In sua compagnia comincio a ridere con un “ha-ha-ha!”, con intervalli regolari di due minuti. Qualunque cosa lui dica rispondo con un “aaah-ha-ha-ha! Ha!”, buttando indietro il capo e i capelli e sbudellandomi dalle risate anche se sta solo parlando di come Salvini e i 5stelle non potranno governare insieme perché sul quadernone avevano scritto appunti rabbiosi fino alle elezioni e poi solo un sacco di pagine vuote, e quindi è una cosa tremenda, non ci sarebbe niente da ridere, è il nostro prossimo futuro distrutto, ma io rido per compiacerlo. E quando non rido sto zitto, altrimenti tartaglio, pause lunghissime in cui cerco di ragionare e non so come rompere il silenzio, e così lui se ne accorge e me lo fa notare, e quando fai notare a una persona timida che sta in silenzio cosa succede? Che la spingi a dire qualcosa in fretta e furia.
Mi compaiono davanti alcuni argomenti di conversazione appetibili e li vedo volteggiare su un tabellone. “Religione: perdita esponenziale della fede nella società media del duemila”, “ambiente: inarrestabile morte delle api in tutto il globo”, “benessere: le spezie stimolano davvero le difese immunitarie?”, ma non ho tempo, lui è accanto a me che aspetta come Mike Buongiorno, e io non ho vocali da comprare. Sono ormai una cheerleader che sogna di conquistare il campione di basket della scuola e sa che dargli la fessa è una mossa vana perché può averne a furgoni ed è troppo scema per conquistarlo con la personalità, visto che la mia l’ho persa quando sono uscito di casa!

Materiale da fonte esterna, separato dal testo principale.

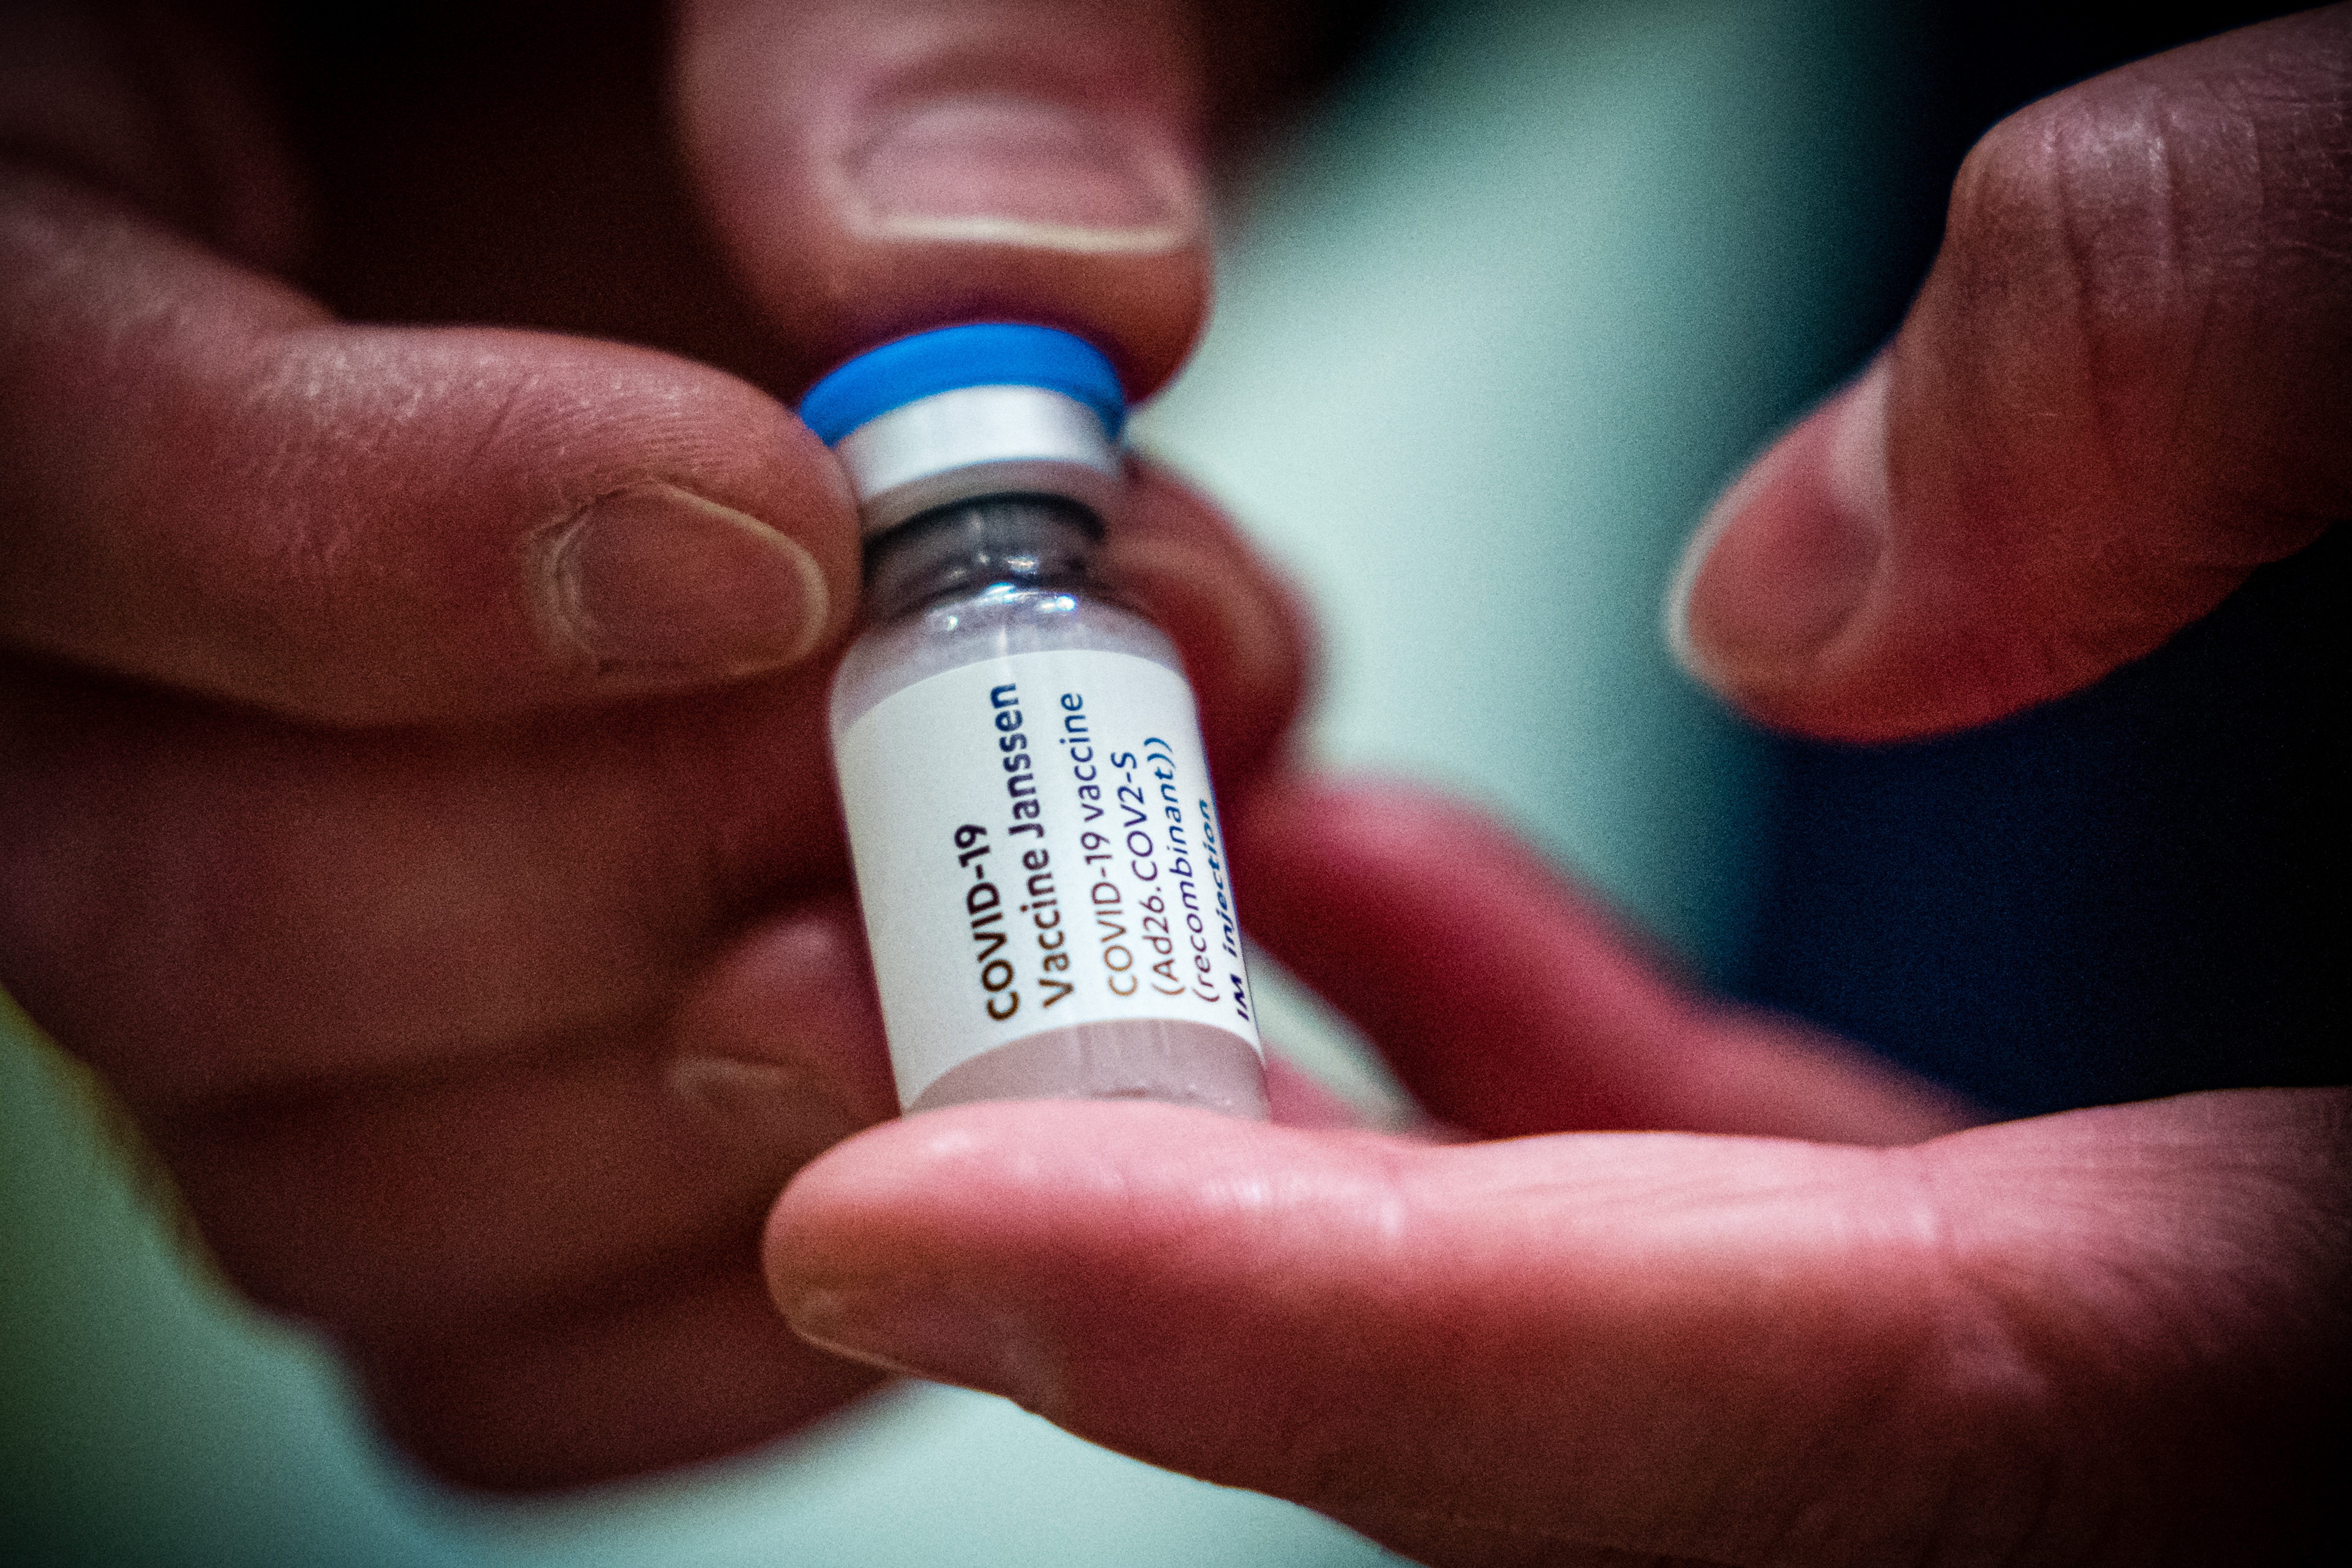 Magyarországra épp megérkezett a Johnson & Johnson vakcinája, az USA-ban épp leállítják a beadását

Allora mi butto. Pesco un argomento al volo dal tabellone dei suggerimenti ma ne pesco due o tre insieme per la fretta e la voglia disperata di fargli fare quel “ha-ha-ha!” che sto ripetendo io istericamente, voglio farlo ridere e guadagnare punti, deve ridere cazzo!, ma per la tensione mi escono tutti gli argomenti insieme, sia “religione” che “agricoltura”, e allora dico “sdragusnia”, che a una prima analisi superficiale potrebbe sembrare una parola russa, ma è solo un mix di tredici parole italiane diverse.

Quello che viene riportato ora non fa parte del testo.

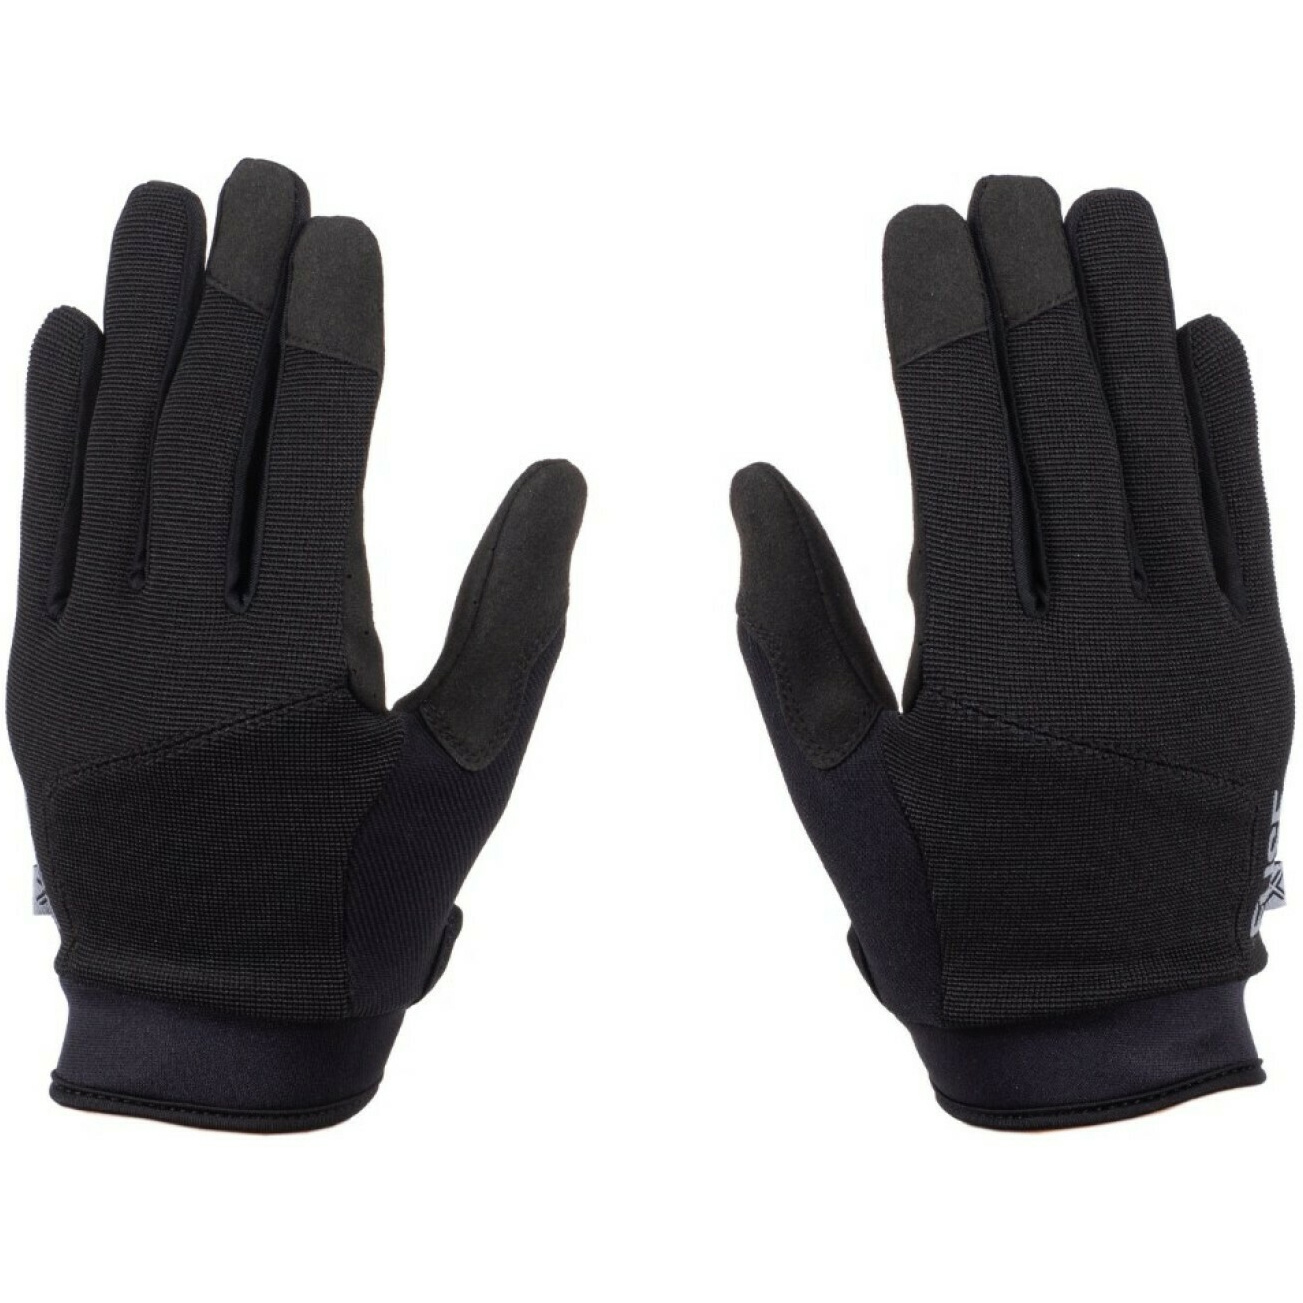 Produktbild von Fuse Alpha Handschuhe - schwarz

Lui mi guarda imbarazzato e mi chiede “scusa…?” e io per la vergogna non parlo per il resto della serata, anche perché ho smesso di produrre saliva da mezz’ora e la mia voce è simile al rumore che fa un’adorabile vecchina di 106 anni dimenticata in un ospizio, e chi vuole scoparsi una vecchia centenaria?
La parte sessuale è ancora peggio, perché per riparare alla scena muta di prima cerco almeno di farlo eccitare, esagerando e trasformandomi in una geisha che si mette accovacciata tra le sue gambe, lussurioso, affamato, voglio fare l’esperto almeno di una cosa nella mia patetica vita, il mangiatore di uomini che sa farli impazzire, ma ormai lui starà pensando che non abbiamo niente in comune per poterci sposare e fare figli campioni, non gli viene manco duro e resto con ‘sto coso moscio in mano e mi sento un fallito.
Cado nello sconforto, scappo a casa e gli scrivo “scusa, non sentiamoci per un po’, stiamo correndo troppo e non sono ancora pronto, sai, il mio ex mi ha ferito”.
Quindi sto in riabilitazione per sei mesi, non esco di casa e ingrasso, e torno a cercarmi un impiegato delle poste con cui avere una placida storia d’amore senza psicosi.